**EXTRACTED MATERIAL:**
§
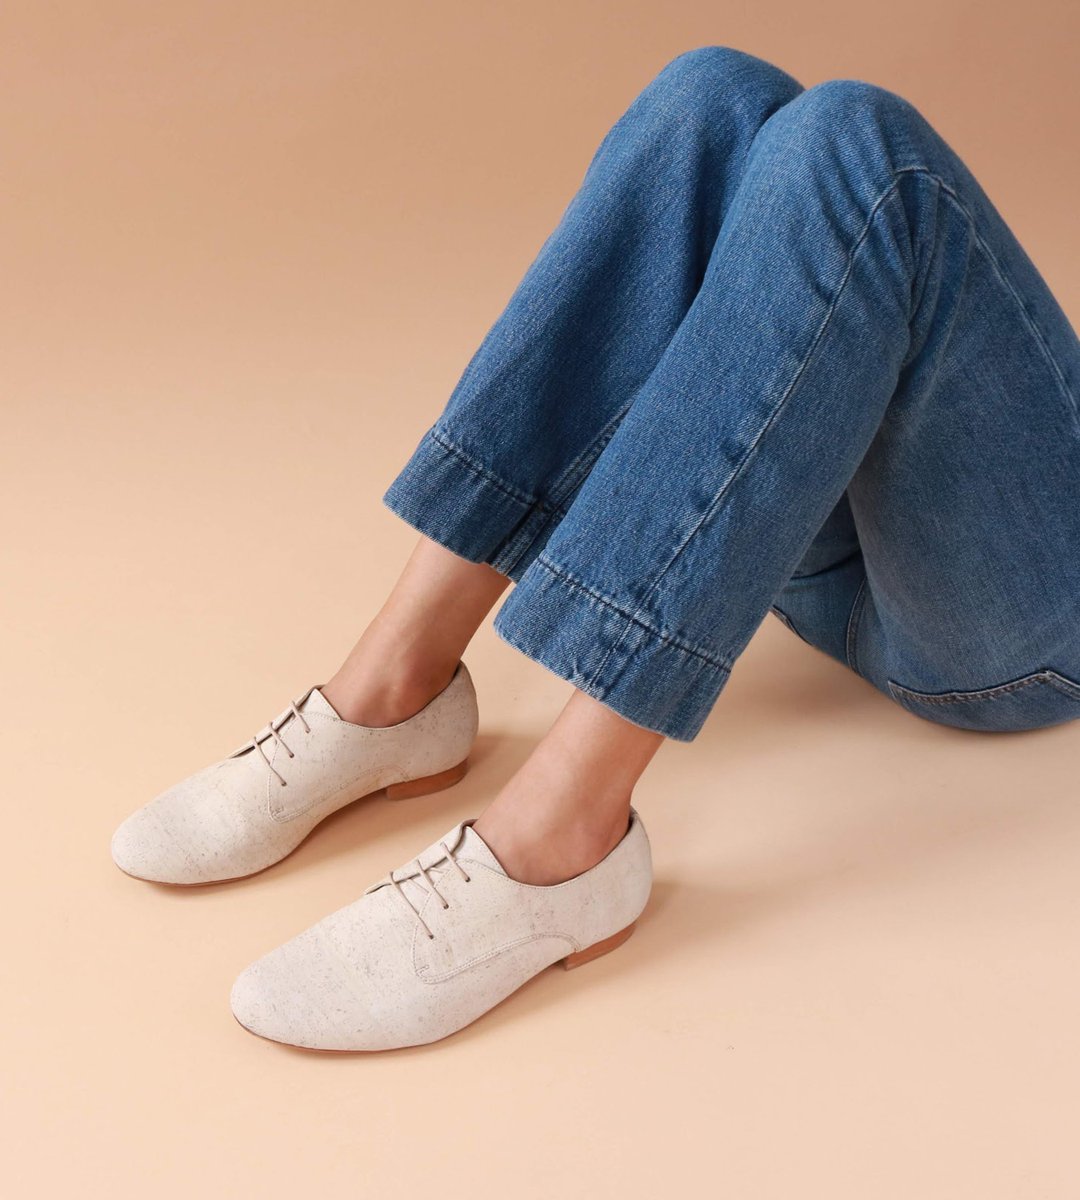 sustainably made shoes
§
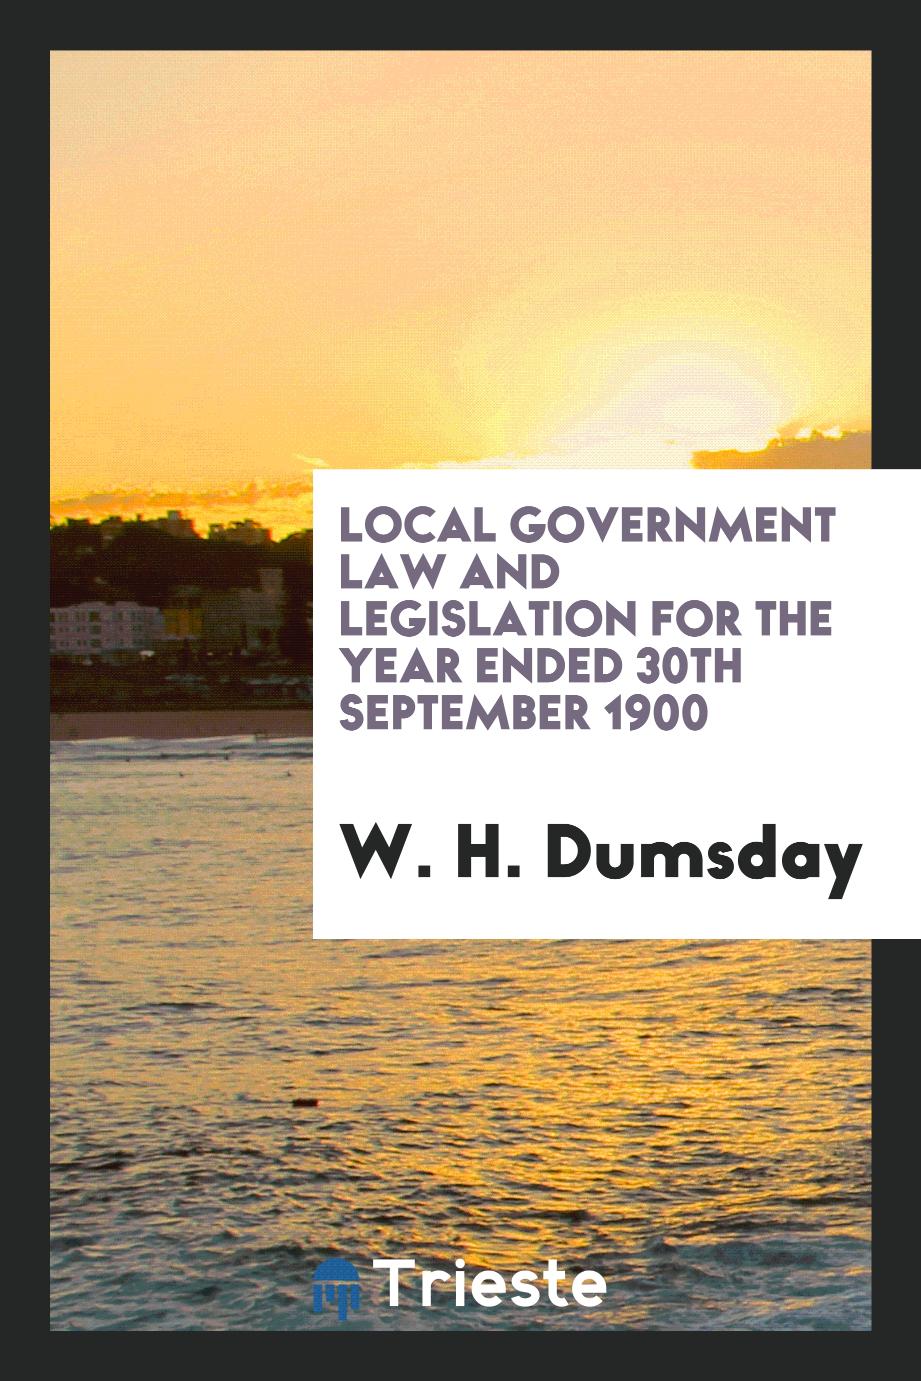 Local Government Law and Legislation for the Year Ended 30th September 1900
§
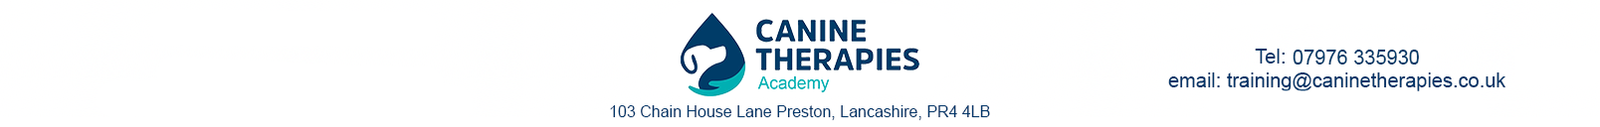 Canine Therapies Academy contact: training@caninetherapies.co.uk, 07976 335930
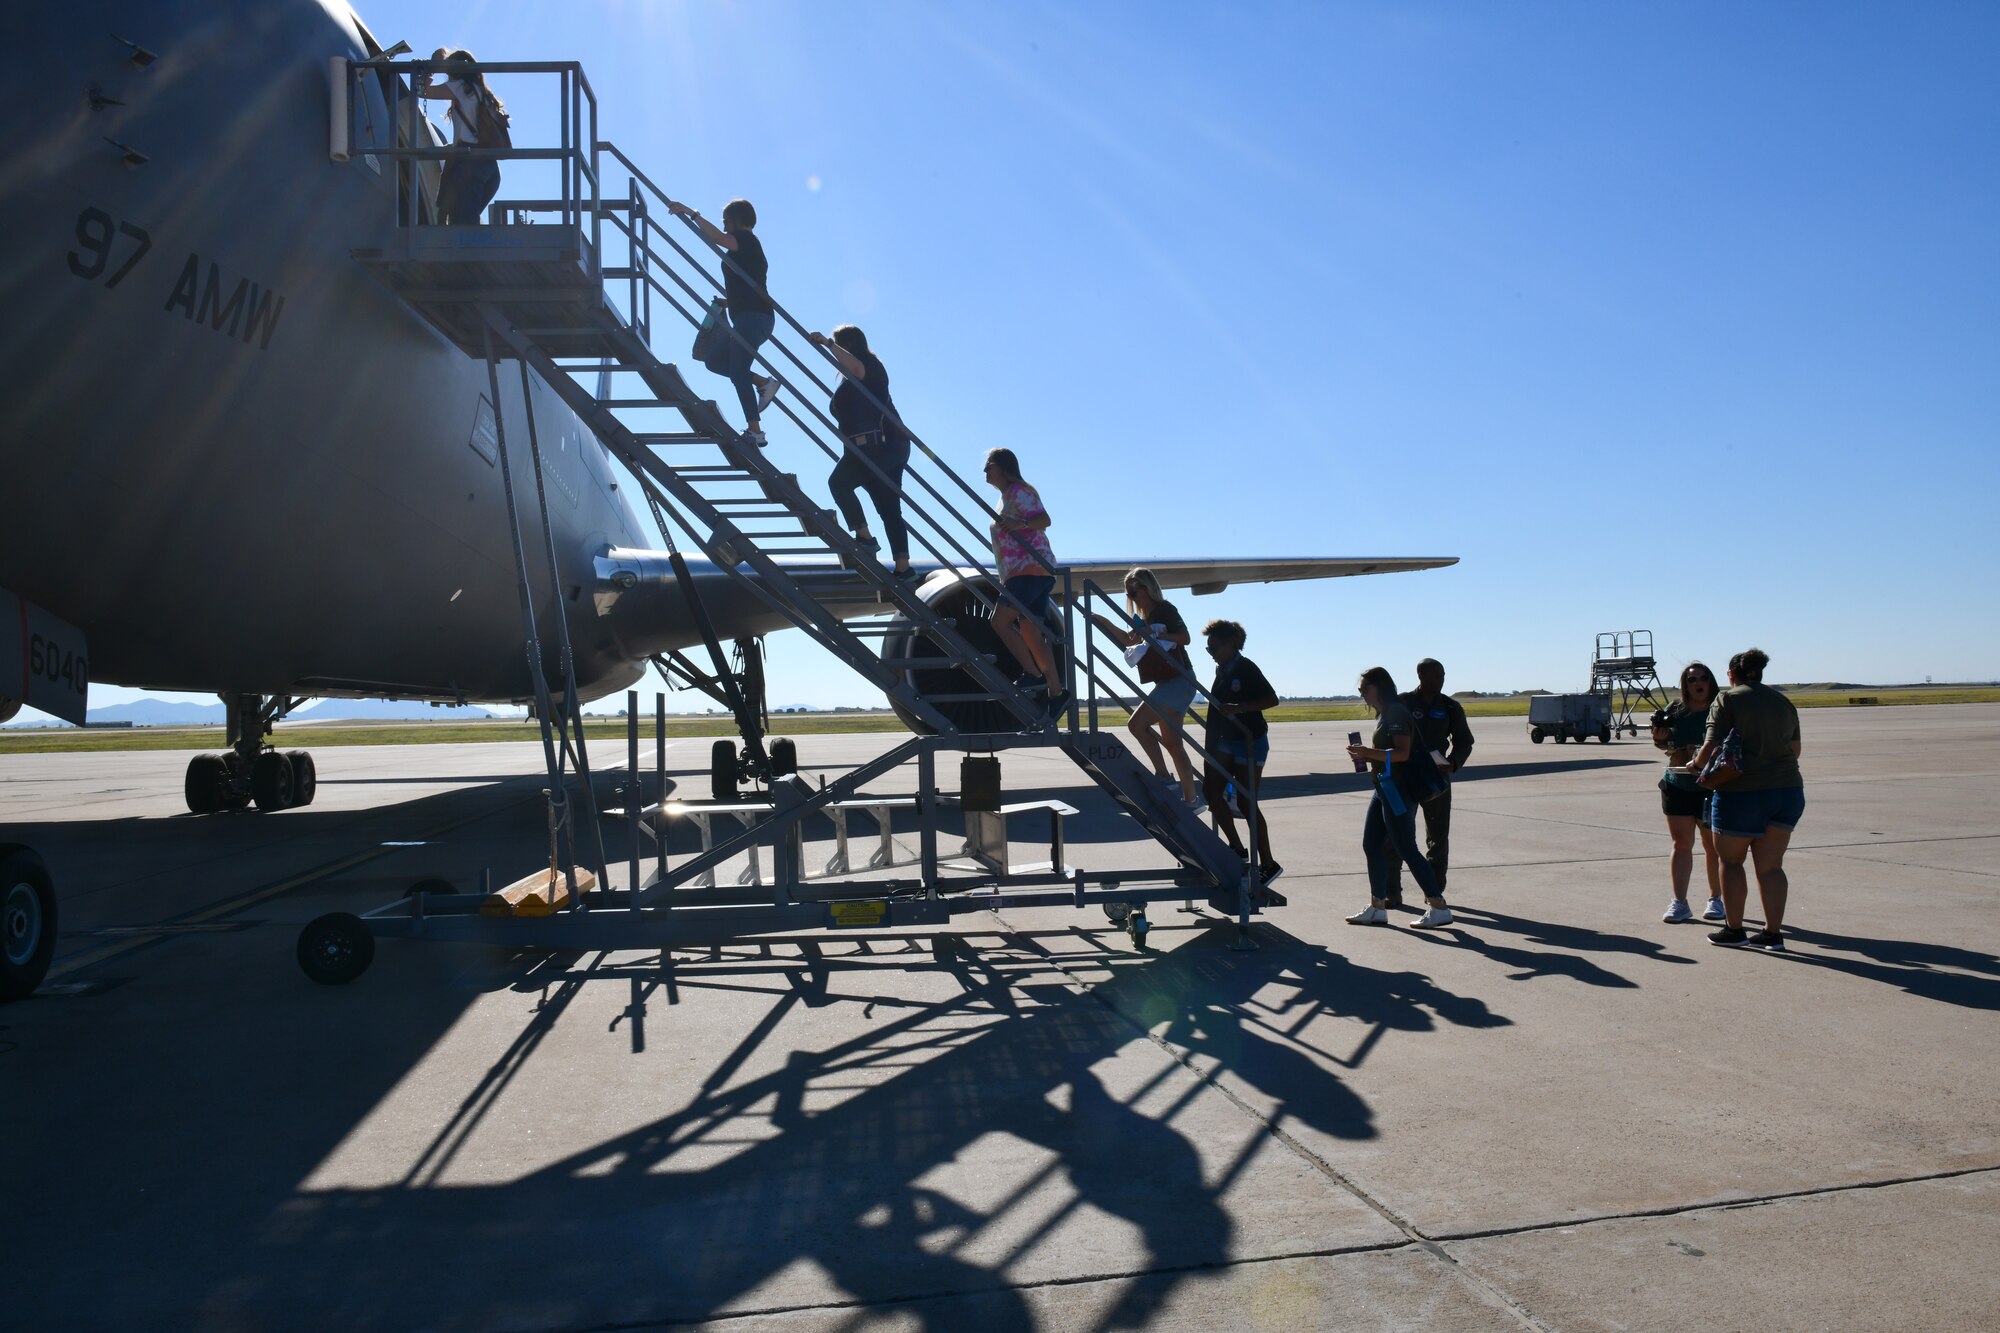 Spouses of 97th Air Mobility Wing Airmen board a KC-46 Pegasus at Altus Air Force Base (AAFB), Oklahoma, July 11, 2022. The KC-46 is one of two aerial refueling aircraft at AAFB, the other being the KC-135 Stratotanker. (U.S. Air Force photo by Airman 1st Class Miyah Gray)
§
Give again the stretch of the entries above that begins at the line with "Canine Therapies Academy" and ends at the line with "Spouses of 97th", word for word, with no pictures.

 Canine Therapies Academy contact: training@caninetherapies.co.uk, 07976 335930
 Spouses of 97th Air Mobility Wing Airmen board a KC-46 Pegasus at Altus Air Force Base (AAFB), Oklahoma, July 11, 2022. The KC-46 is one of two aerial refueling aircraft at AAFB, the other being the KC-135 Stratotanker. (U.S. Air Force photo by Airman 1st Class Miyah Gray)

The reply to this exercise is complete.